Group of Danish offshore wind farms in the North Sea

Horns Rev is an offshore wind farm in Danish waters in the North Sea.

The wind farm was built in three phases, the first coming online in 2002, the second in 2009 and the third in 2019.
Horns Rev 1, the first phase, was the first large-scale offshore wind farm in the world, with a capacity of 160 MW.

== Horns Rev 1 ==

Horns Rev's location in relation to the wind farms of the German Bight

Horns Rev 1, built by Danish energy company Elsam (later DONG, now Ørsted) was the first large-scale offshore wind farm in the world. Its capacity of 160 MW was four times that of the previous largest, the Middelgrunden at 40 MW.
It was the first offshore wind farm in the North Sea, the first to use the monopile foundation type and the first to have its transformer on an adjacent platform rather than onshore. Technologies used for the first time at Horns Rev 1 have since become industry standard.

The farm has 80 Vestas V80 wind turbines, each generating 2.0 MW. They were installed by the Danish offshore wind farm services provider A2SEA in 2002, the last turbine coming into operation on 11 December 2002. A guaranteed price of 0.453 DKK/kWh was agreed for the first 42,000 hours of generation.

In 2005, 60% of the wind farm was sold to Vattenfall, also the operator of the park, for DKK2bn.

The turbines are laid out in an oblique 8 by 10 grid over an area of 5 km × 3.8 km, with 560 m between turbines in both directions.
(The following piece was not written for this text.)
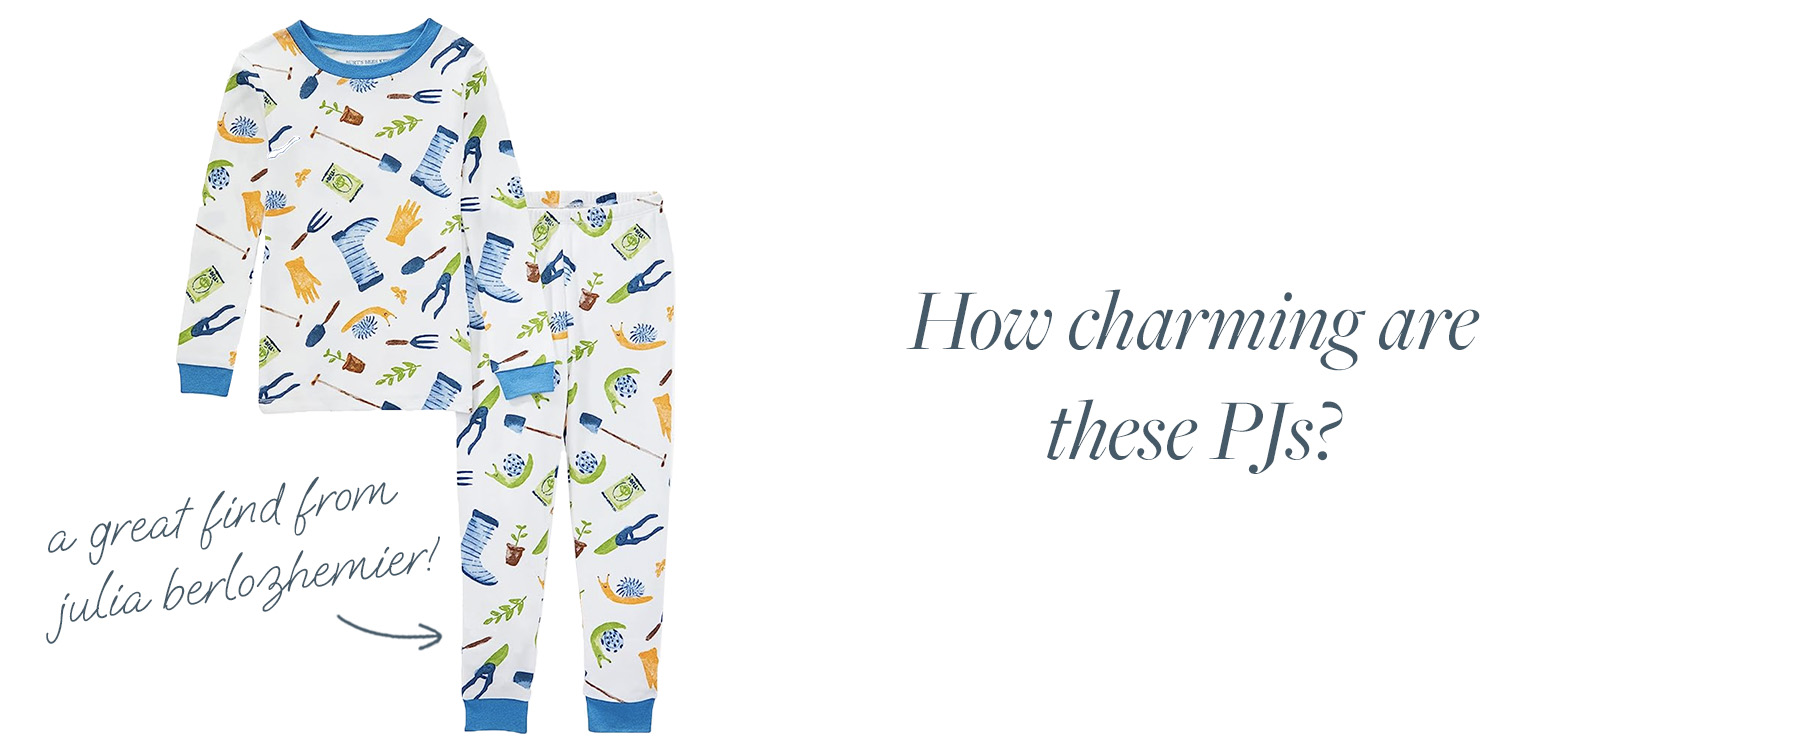 How charming are these garden-themed PJs? A great find from Julia Berlozhemier!

A radar measures details of the wind patterns, improving local short-term forecasting.

The main method of transport to the first wind park is an adapted Eurocopter EC-135 helicopter, used to hoist workers to and from a small platform on each turbine. Sea conditions render the area inaccessible to boats for large parts of the year.

The farm has an availability of 96–97%. Two turbines are burnt out, and uneconomic to replace with less than 10 years left. Grout between monopile and tower was damaged by vibrations, requiring a costly fix.

In 2008, scientists discovered that the rotating blades were mixing the layers of air and forming fog, producing white trails behind its turbines.

== Horns Rev 2 ==
In May 2008, Dong Energy began construction of the second wind farm in the Horns Rev area, Horns Rev 2. Construction was completed in September 2009 and was inaugurated on September 17, 2009 by Prince Frederik on the Poseidon accommodation platform.
When inaugurated, Horns Rev 2 was the largest offshore wind farm in the world until Thanet Wind Farm opened on 23 September 2010.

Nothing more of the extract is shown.